Due August 2007 - Part 3

920 replies

loler · 09/03/2007 11:42

Here's to a succuessful new thread!

Link to the old thread just incase!

OP posts:
Are your children’s vaccines up to date?
growingbagpuss · 29/03/2007 20:28

kiteflying - i just re-read your message - i know a couple who went for hypno birthing- never got a chance to try it, the birth was so fast - but both parties think it was because she was so relaxed as she had done all the prep for the hypnobirth and belivved it was going to be pain free - so go for it!!

bananabump · 29/03/2007 23:23

Hi Guys, bit of a rant coming I'm afraid...

I don't know how many of you are first time mums or the first one's in your social circle to get pregnant, but I am in mine, and it's making me feel a bit rubbish lately! Life's really changed since finding out I was pregnant, and it's not even here yet.

My friends are out clubbing and dating, and I feel like a bit of a drag since becoming pregnant, not being able to drink or prepared to spend five hours sober in a smoky club.

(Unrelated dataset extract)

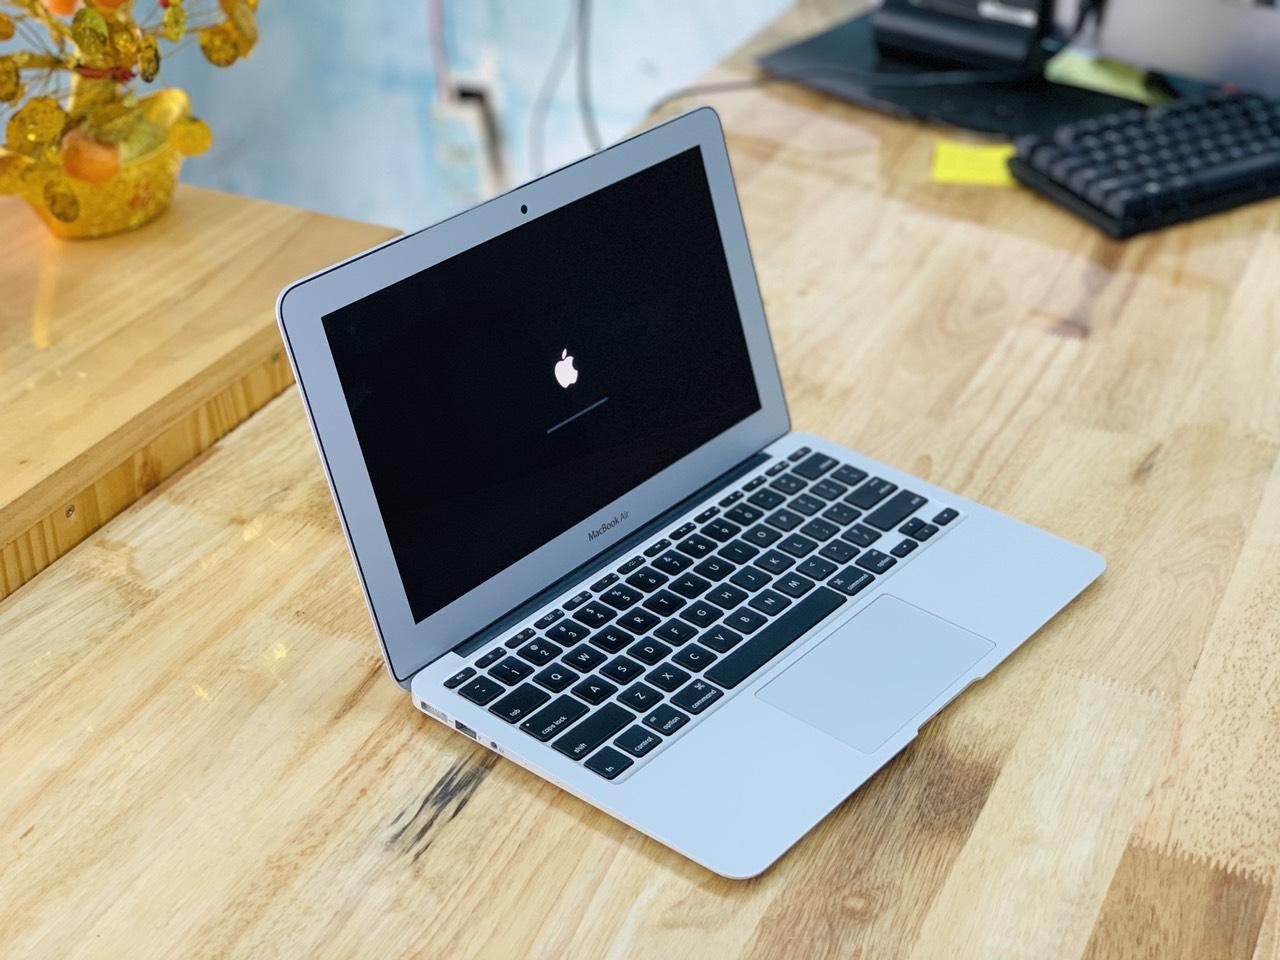 macbook air 2015 cũ

There are only so many cinema trips and non-alcohol fuels meals out our friendships can take, and I'm so out of touch with who's-dating-who... I get the feeling I'm boring everyone sick about the baby every time I open my mouth, which upsets me as I don't know how you're not supposed to not talk about the biggest thing that's ever happened to you.

I know my friends are chuffed for me, but half of them have no plans to ever have children, and the other half are obviously not ready (I was asked by one friend I don't see very often if I didn't think having a baby growing inside me was a bit like having a parasite or a tumour living off me)

Anyway, I've read that NCT classes are supposed to be good for making friends, but they're only held in nearby Chester or Shrewsbury (I live roughly between the two) so I don't really know if I'd meet anyone local, and since it was more the social network and support I was looking for, I don't know if I'll bother.

A bit worried about life after the birth once the initial flood of visitors have met the baby, eaten all my bourbons and gone home. Any ideas on the best way to meet local folks with new babies?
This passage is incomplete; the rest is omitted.